Вместо политических вопросов на берлинских променадах, на Унтер ден Линден, в ресторане Ягора или кафе Иости велись долгие и нескончаемые споры о том, кому отдать пальму первенства из композиторов — Веберу или Спонтини. Газеты, откуда были вытравлены все политические вопросы, занимались пережевыванием литературных сплетен, пространно и водянисто растекались мыслями о театральных постановках, помещали глупейшие теоретические статьи по вопросам литературы и эстетики.

«Кому попадались в руки ваши газеты, — писал Гейне впоследствии, — тот мог бы подумать, что немецкий народ состоит исключительно из театральных рецензентов и несущих всякий вздор нянек».

Это как-раз пора, в которую у Гейне начинается отход от романтических канонов, привитых ему Шлегелем.

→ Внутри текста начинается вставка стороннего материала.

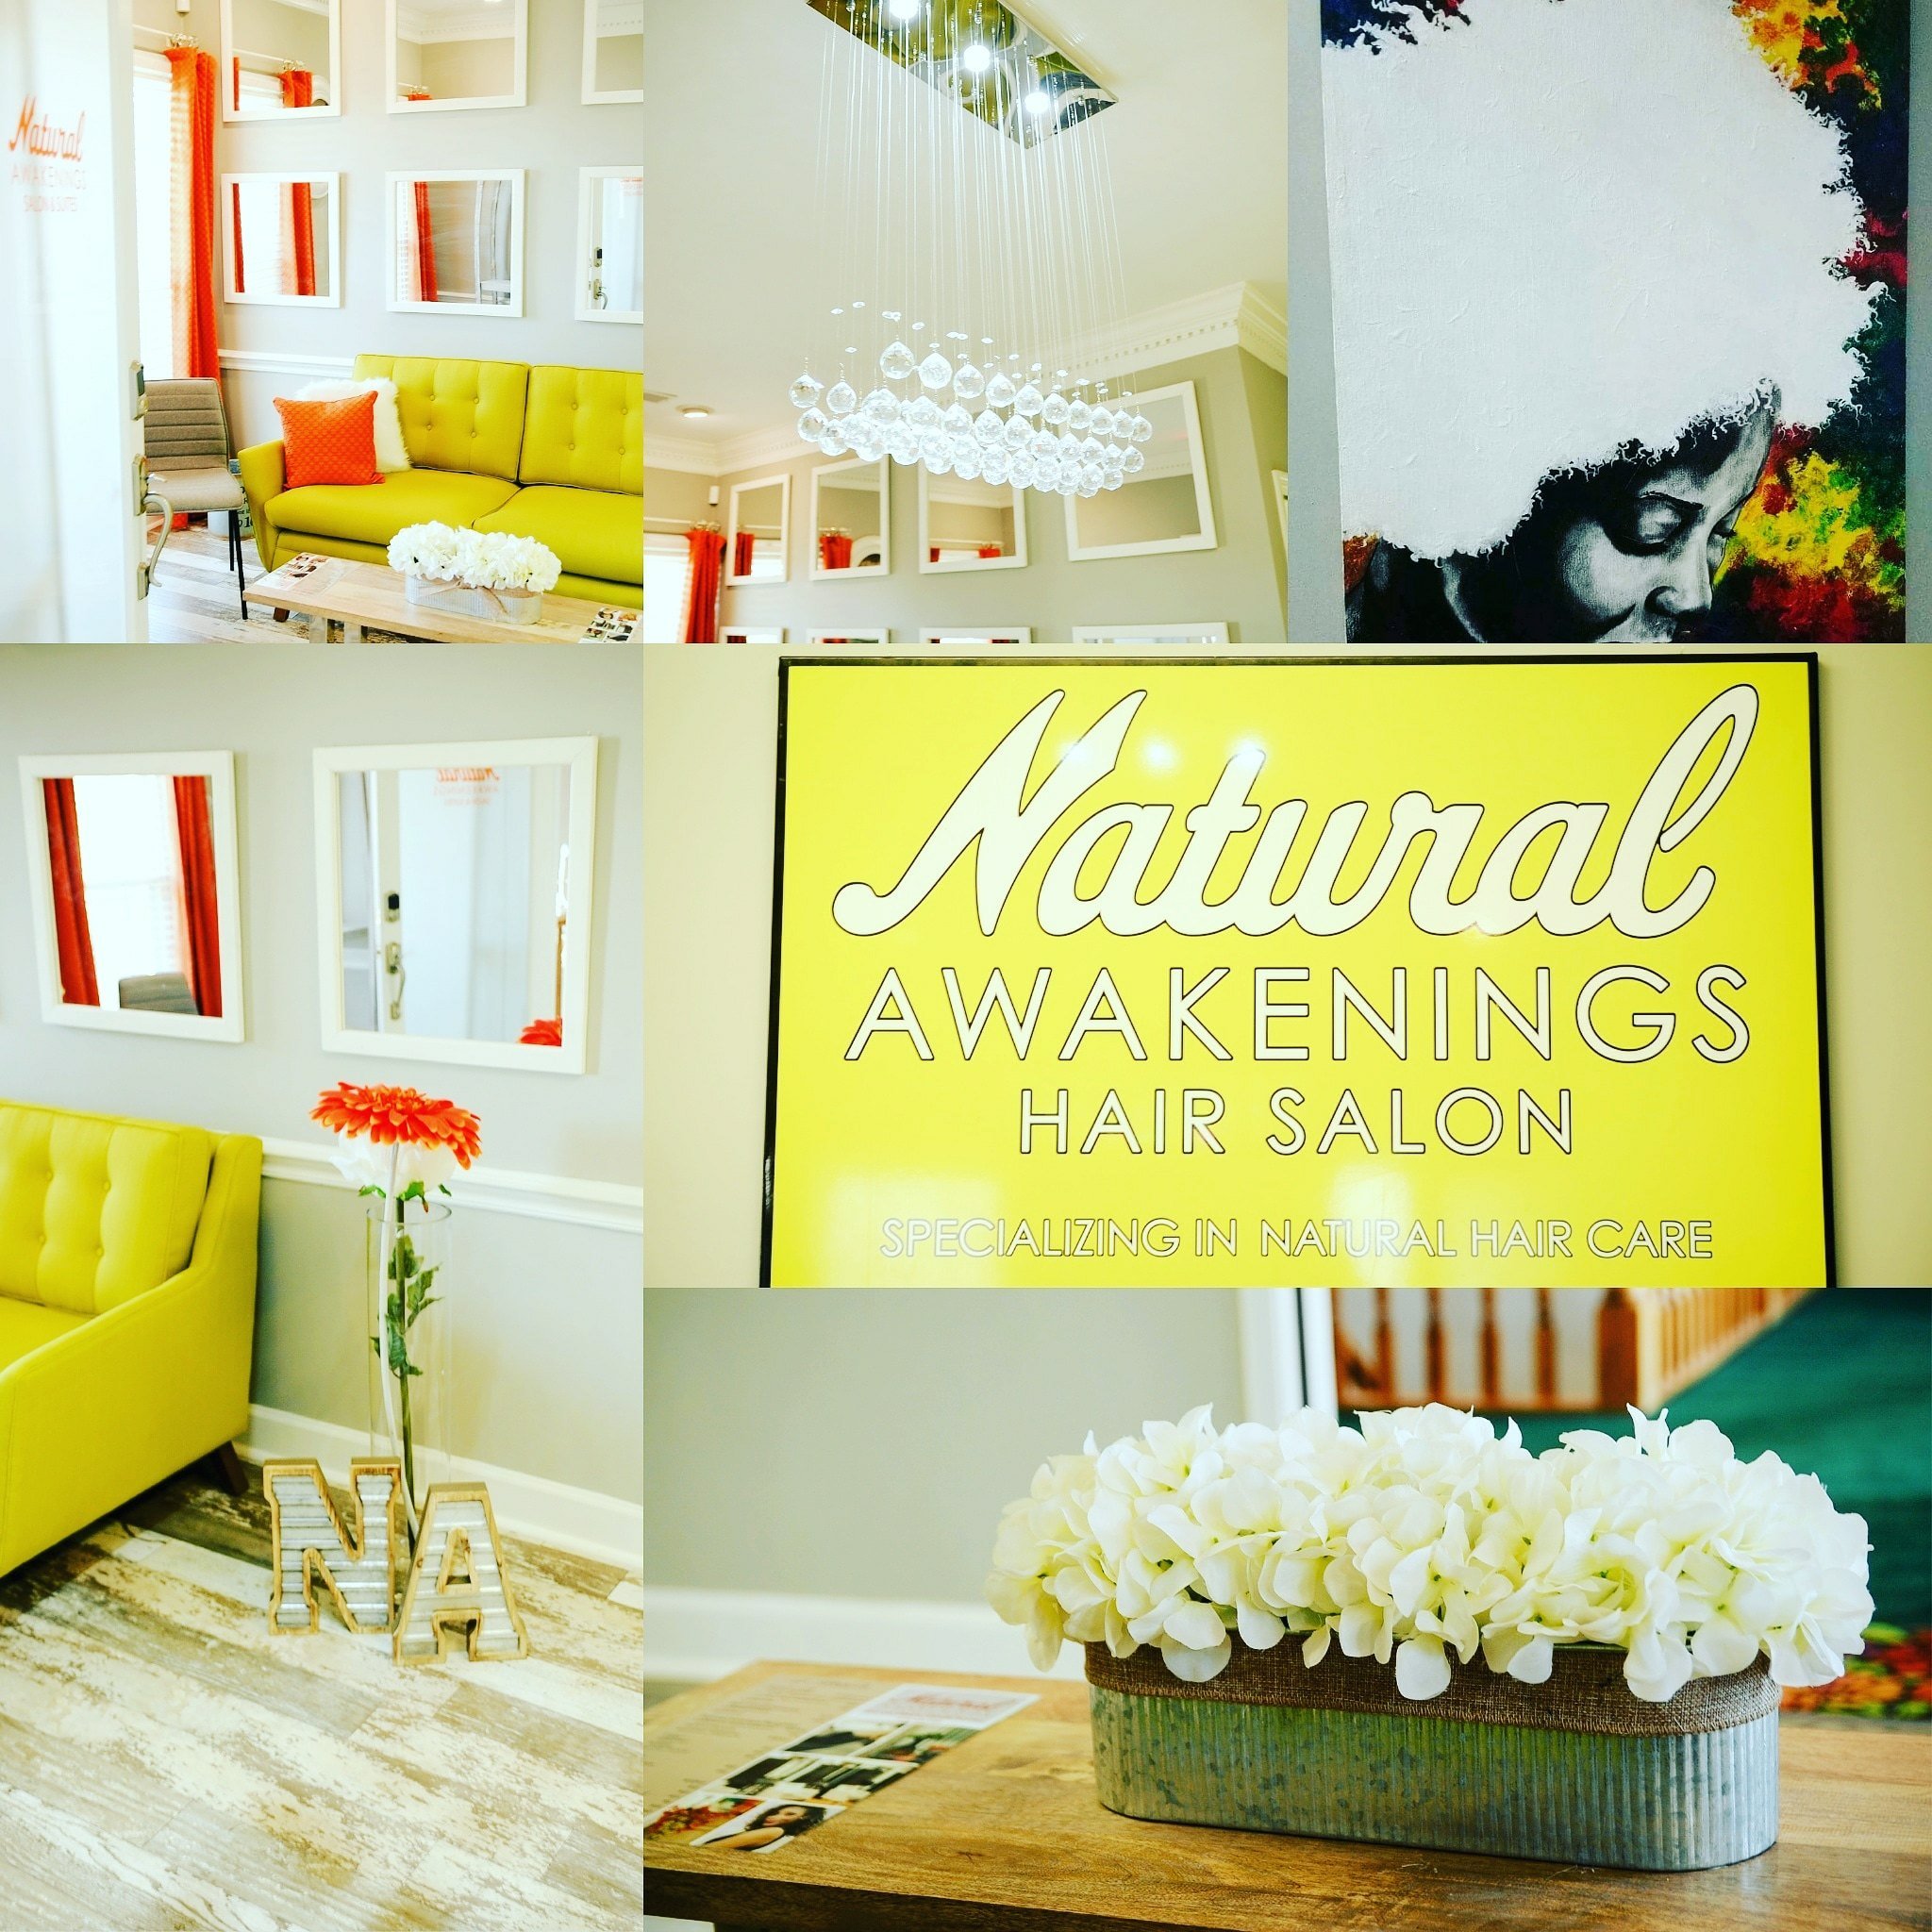 New location! 7009 Lenox Village Dr. Suite 104! 
Natural Awakenings is an intimate hair care suite specializing in natural hair care or relaxer free services.

Но, с другой стороны, с трудом мирится он с тем плоским рационализмом, который процветает в некоторых берлинских филистерских умах, уверяющих, что деревья окрашены в зеленый цвет, потому что зеленое полезно для глаз. Этот рационализм особенно возбуждал против себя Гейне, который окунулся в водоворот умственной жизни города со всей страстью юноши, истосковавшегося в узких рамках мещанского Геттингена.

Берлин тогда не был еще так застроен, как в наши дни. В центре города на Лейпцигской улице, за жилыми домами тянулись роскошные парки с тенистыми деревьями, повсюду виднелись поросшие травой пустыри, а неподалеку от центра можно было встретить клочки засеянной и обработанной земли, с царящей на них почти деревенской тишиной.

Но в самом центре тянулись прямые, хорошо распланированные улицы, обсаженные по обоим краям ровными домами. На, тротуарах толпилась масса наряженных дам и щегольски одетых кавалеров. Заманчиво сверкали витрины магазинов и окна модных кондитерских на Кенигсштрассе.

Среди гуляющей публики, в толпе фланеров, засматривающихся на хорошеньких женщин, можно было встретить и Гарри, который вел «светский, рассеянный образ жизни».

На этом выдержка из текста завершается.